🤖 AI Summary
This work addresses the lack of a unified mechanism for coordinating distributed measurements and collecting data across heterogeneous devices in existing quantum network testbeds. The authors propose a "measurement plane"—a distributed architecture decoupled from the data, control, and management planes—structured into four layers: application, experiment coordination, capability, and resource agents. This novel architecture introduces, for the first time, a dedicated plane specifically for measurement coordination, leveraging containerized microservices and a publish-subscribe communication model to enable online measurement and feedback in complex quantum experiments. The approach was successfully demonstrated on a two-node platform, achieving coincidence counting and polarization-entangled photon distribution with an interference visibility of 98%, substantially reducing manual configuration and execution overhead.
📝 Abstract
Quantum networking testbeds lack a distinct plane for coordinating distributed measurements and collecting experimental data across heterogeneous devices. To address this gap, we present the Measurement Plane, a dedicated plane that complements the data, control, and management planes rather than replacing or extending their pipelines. The contribution is presented as a distributed framework that organizes measurement functions into four layers: application, experiment coordination, capability, and resource agents. Our design separates user workflows from device-specific control.
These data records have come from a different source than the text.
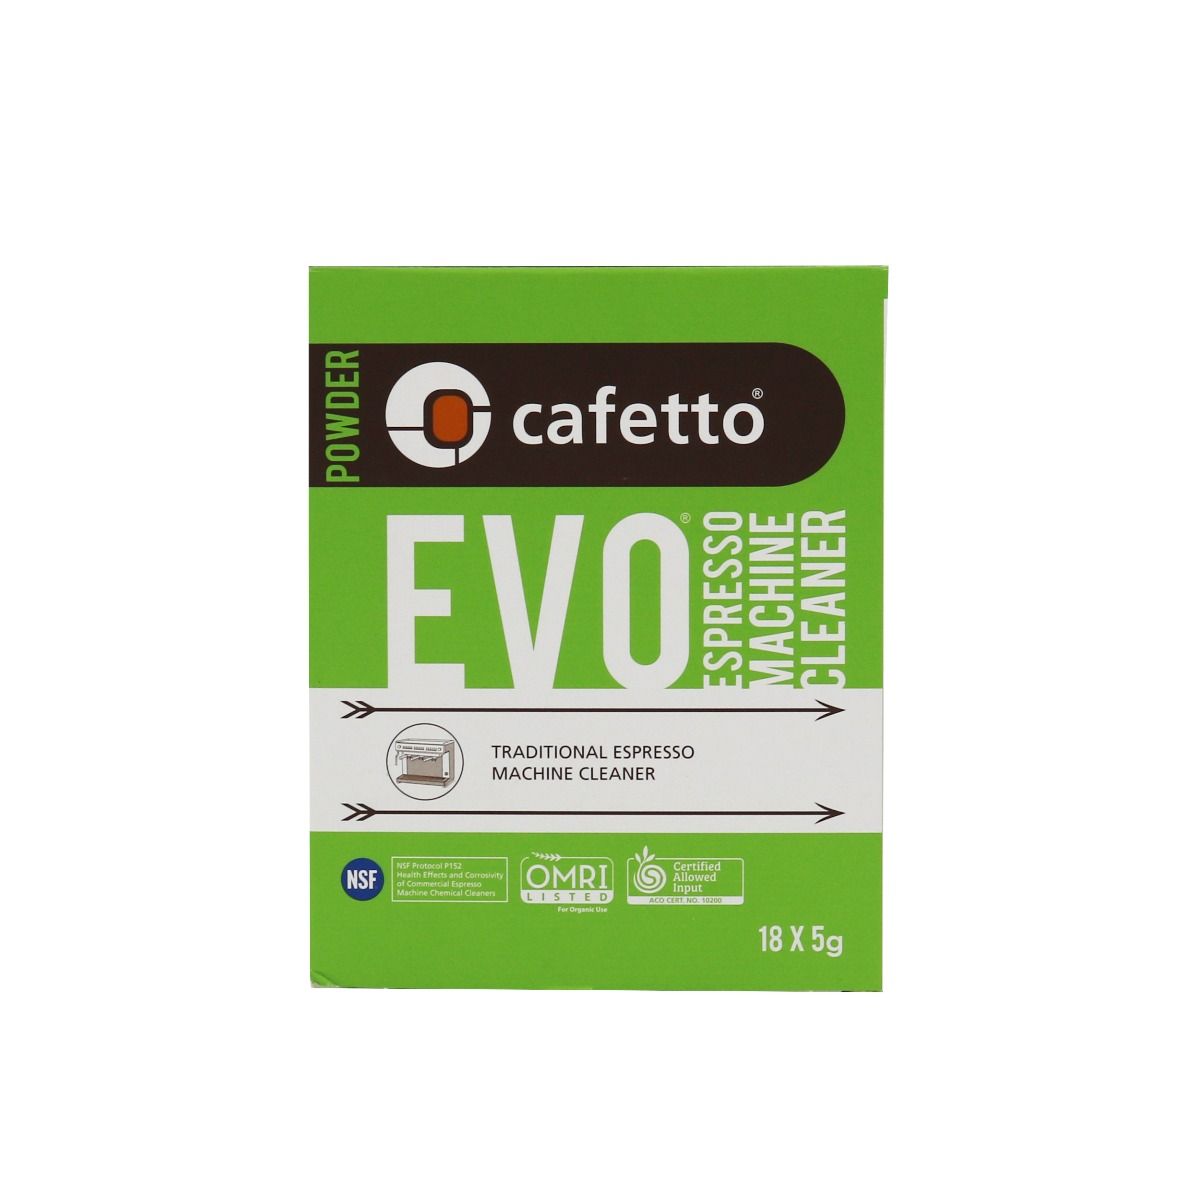 Cafetto - EVO Espresso Machine Cleaner - 18 X 5g Sachet (12pks Per Carton)
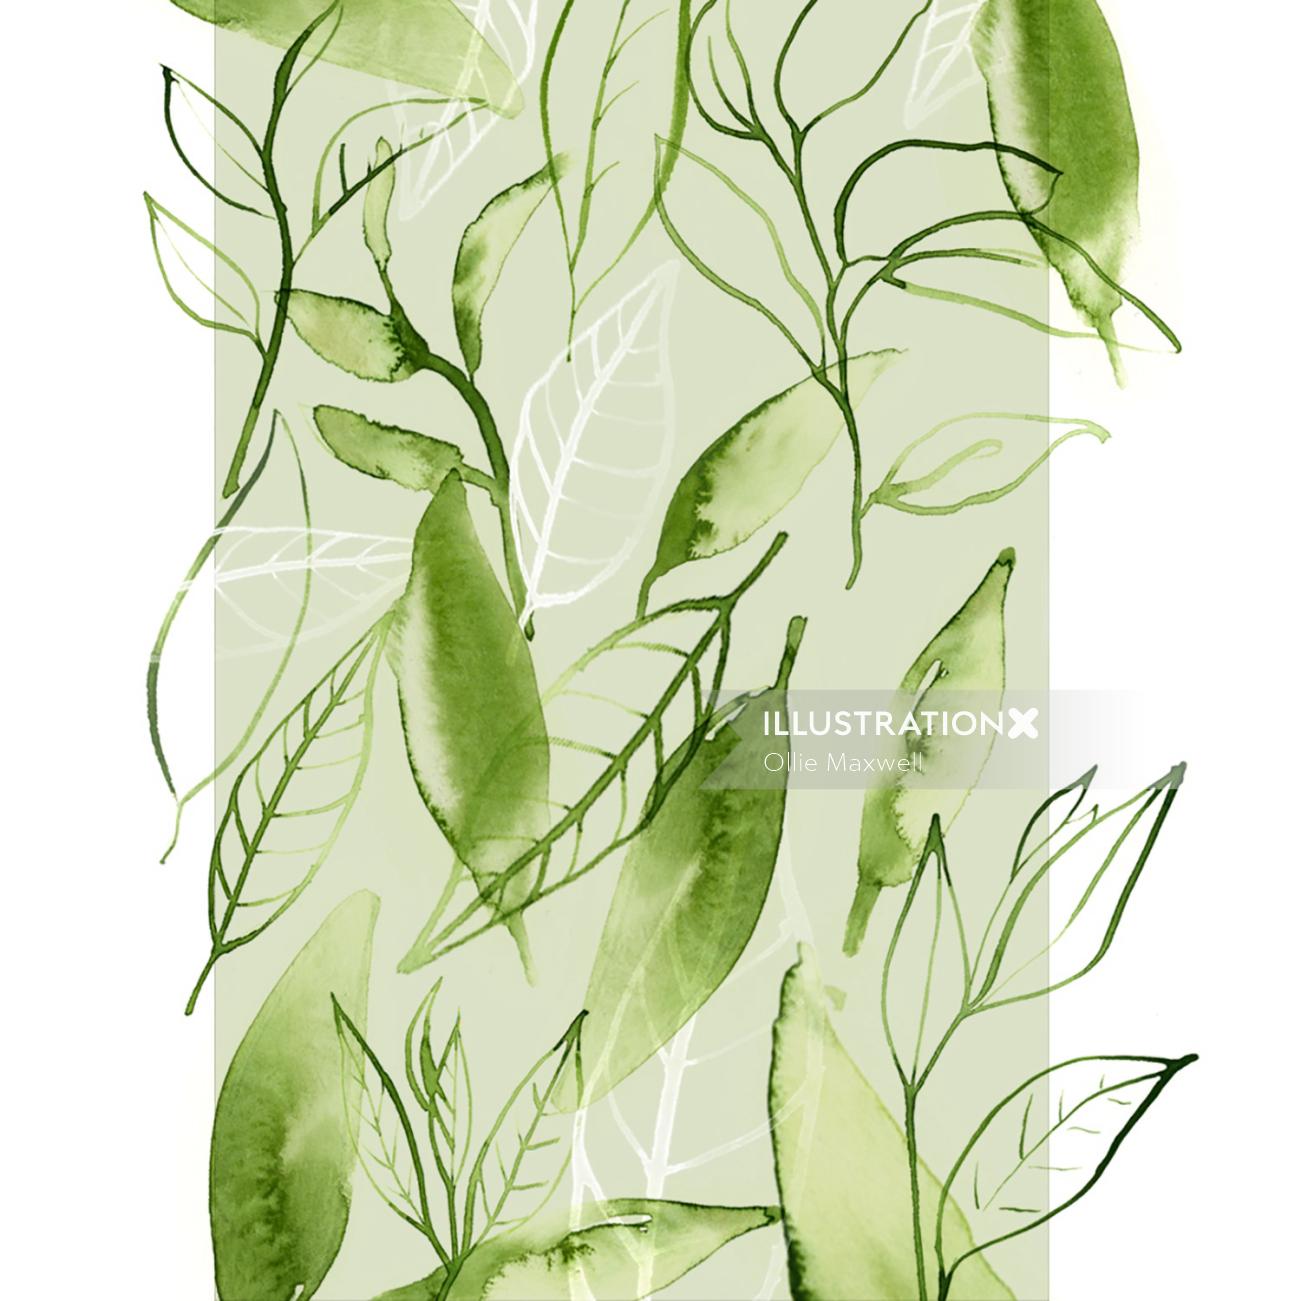 Watercolour art of green tea leaves
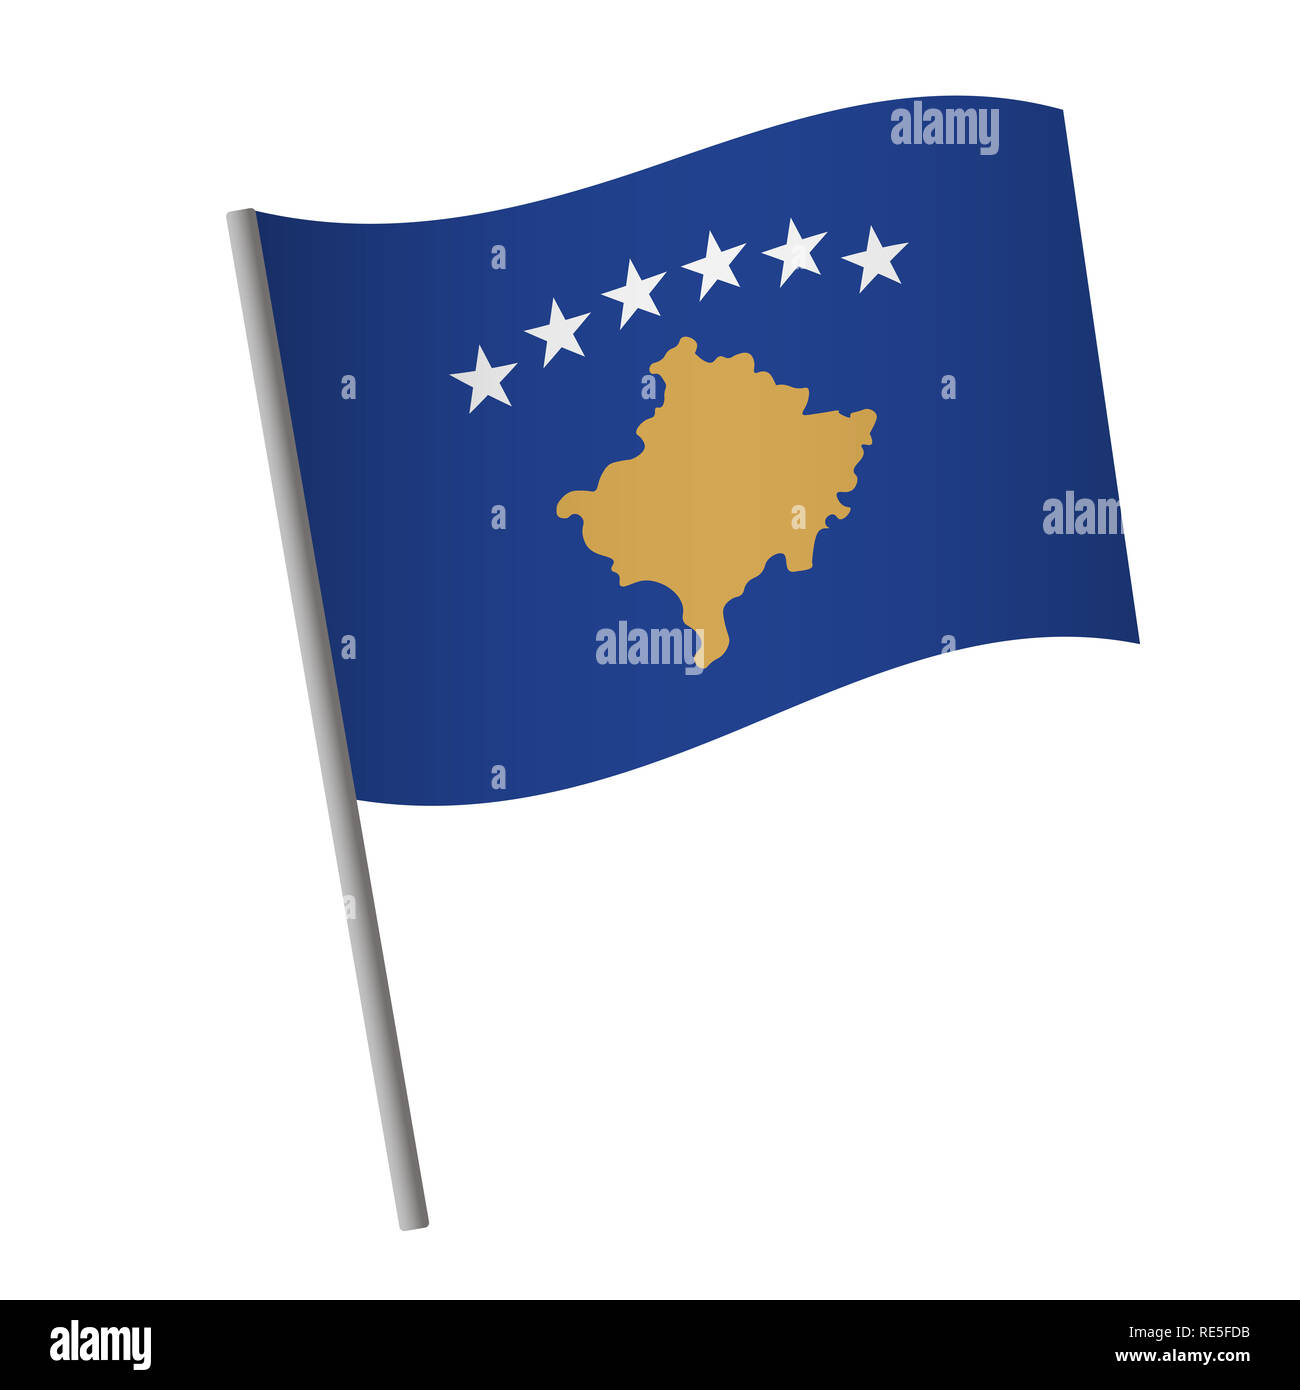 https://c8.alamy.com/comp/RE5FDB/kosovo-flag-icon-national-flag-of-kosovo-on-a-pole-illustration-RE5FDB.jpg

We implemented the framework as containerized microservices connected through publish--subscribe messaging, and validated it on a two-node quantum networking setup connected by an optical network. The framework successfully coordinated remote nodes to execute coincidence measurement and polarization entanglement distribution experiments with visibility interference of up to 98 percent. This evaluation demonstrated the effectiveness of the framework for supporting complex, distributed quantum experiments, enabling online measurement and feedback, and significantly reducing manual configuration and execution effort.